--- Problem ---
Transcribe the data exactly, omitting whatever pictures it holds.

--- Supplied information ---
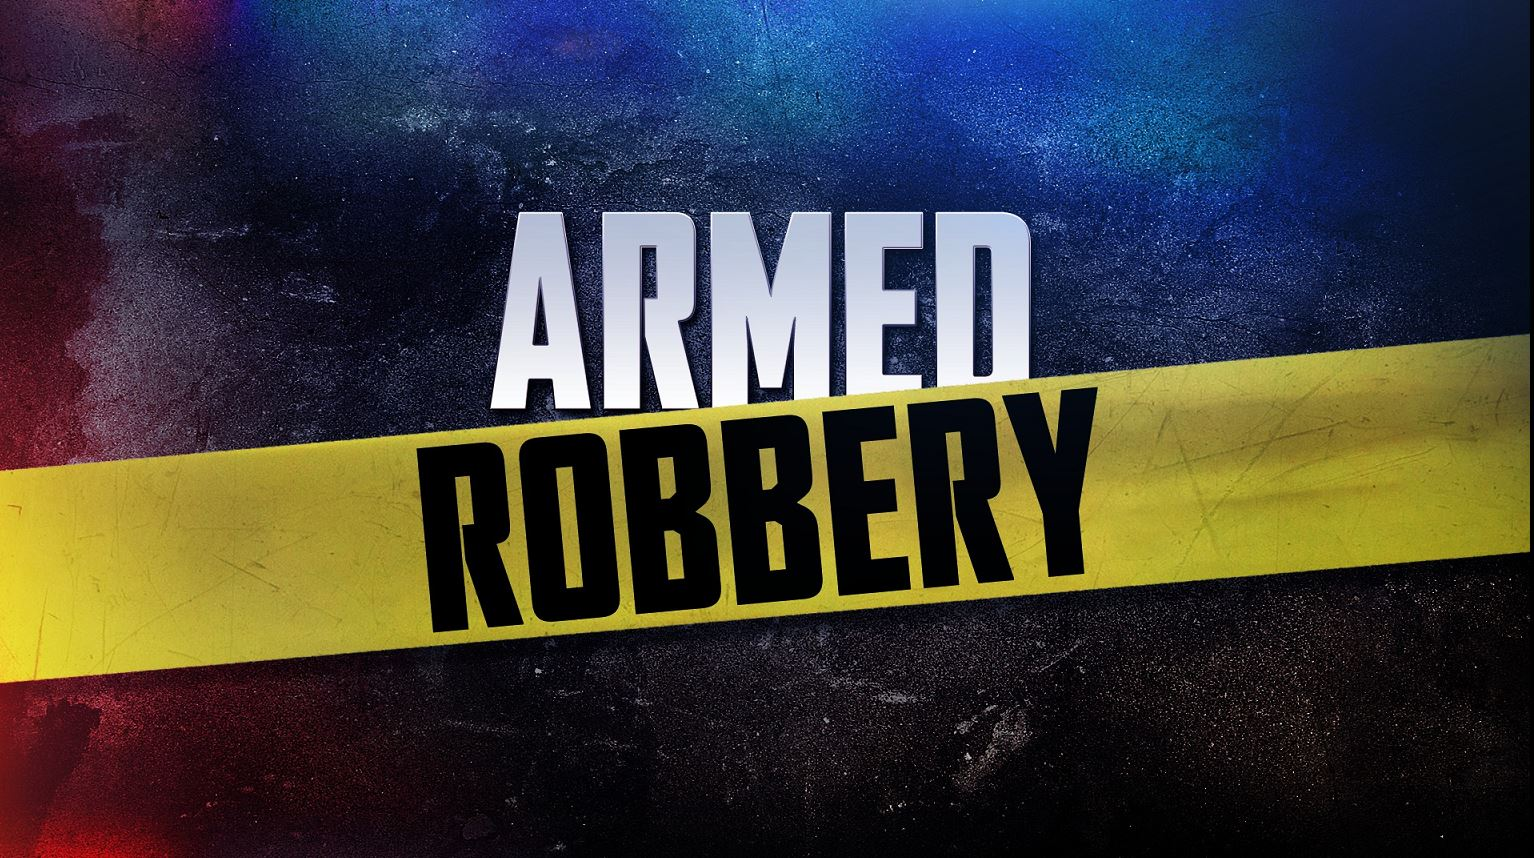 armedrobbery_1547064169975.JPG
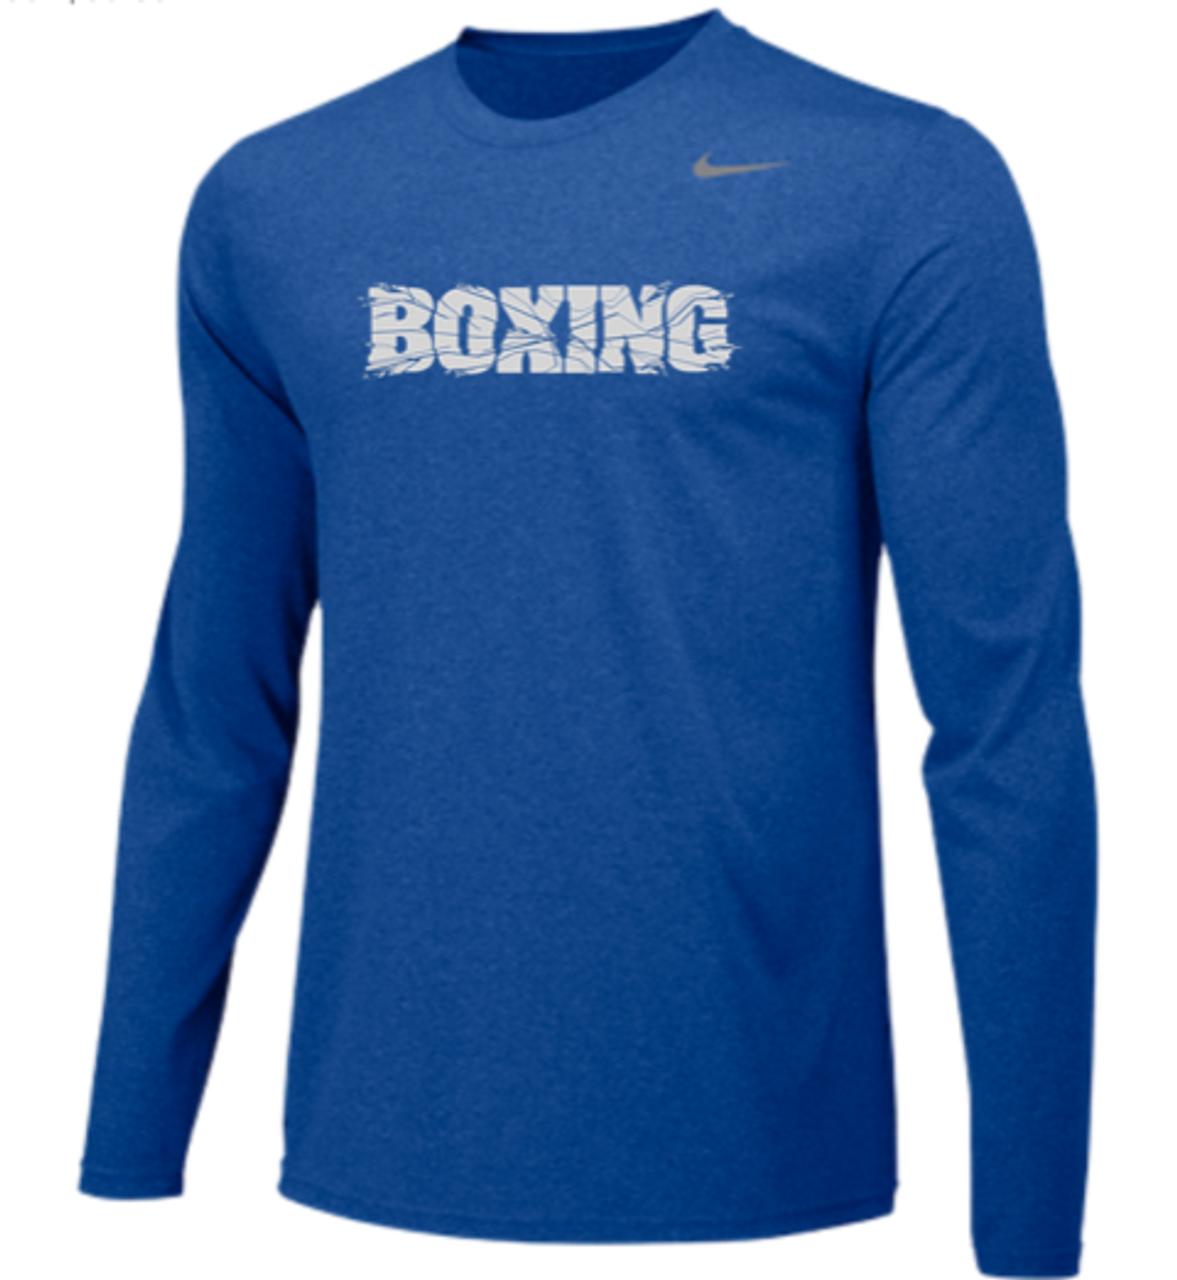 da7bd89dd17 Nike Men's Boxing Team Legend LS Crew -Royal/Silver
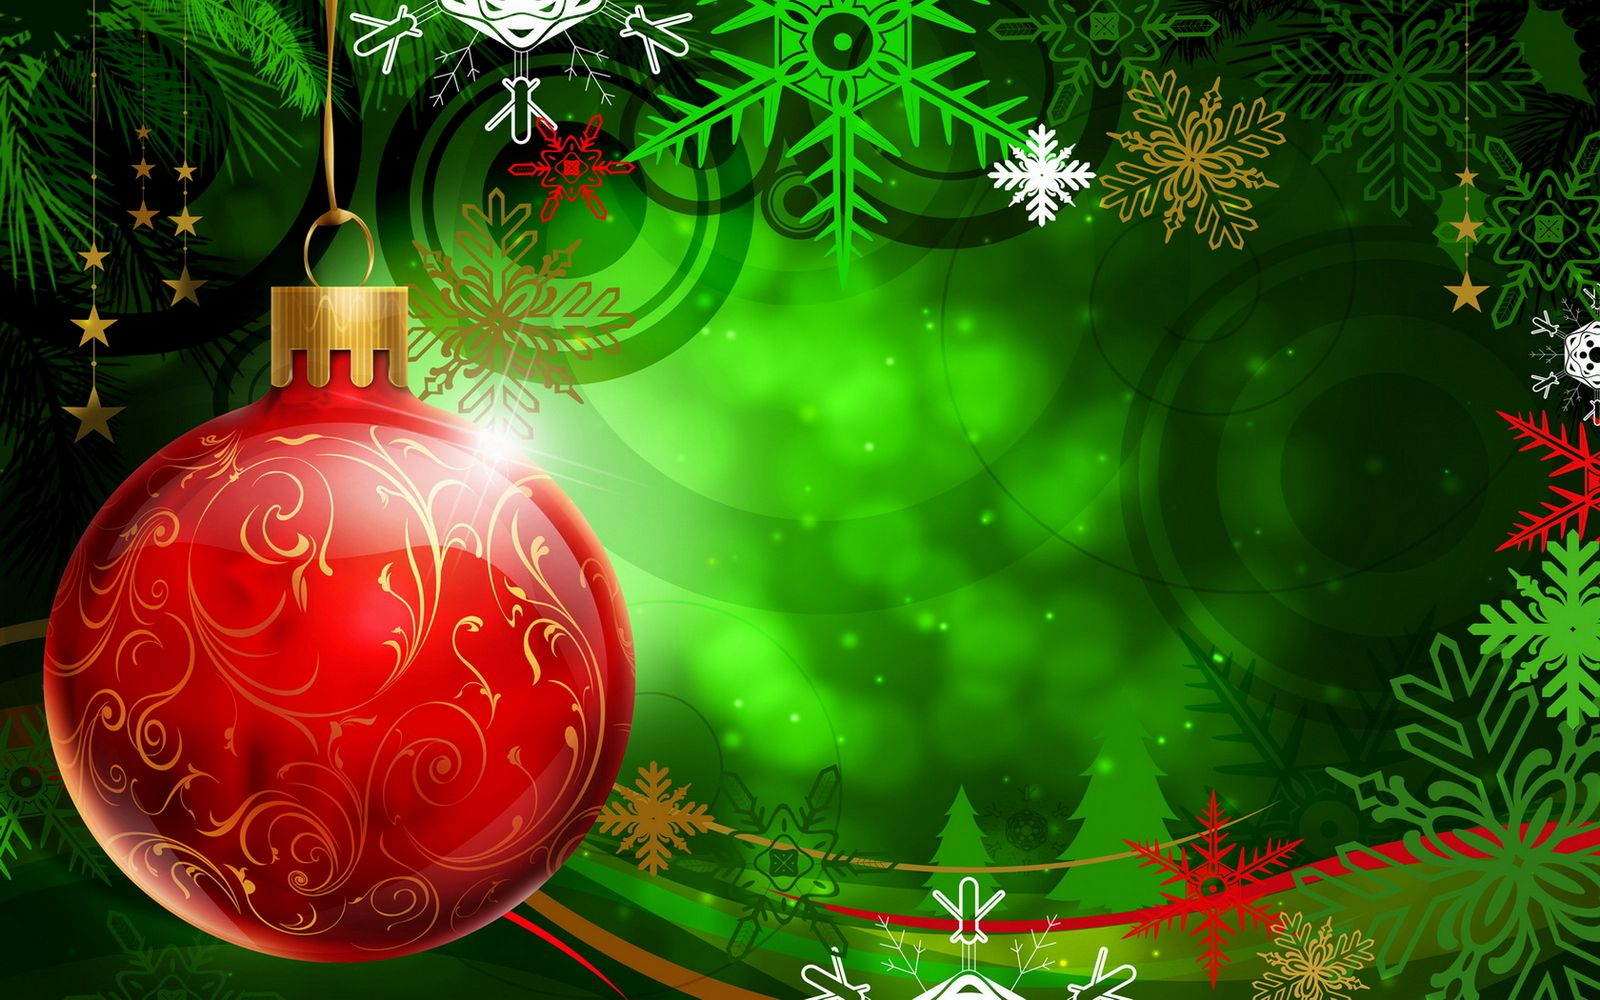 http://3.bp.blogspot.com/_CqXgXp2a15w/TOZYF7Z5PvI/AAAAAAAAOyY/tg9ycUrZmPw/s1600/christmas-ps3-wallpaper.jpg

--- Exercise answer ---
 armedrobbery_1547064169975.JPG
 da7bd89dd17 Nike Men's Boxing Team Legend LS Crew -Royal/Silver
 http://3.bp.blogspot.com/_CqXgXp2a15w/TOZYF7Z5PvI/AAAAAAAAOyY/tg9ycUrZmPw/s1600/christmas-ps3-wallpaper.jpg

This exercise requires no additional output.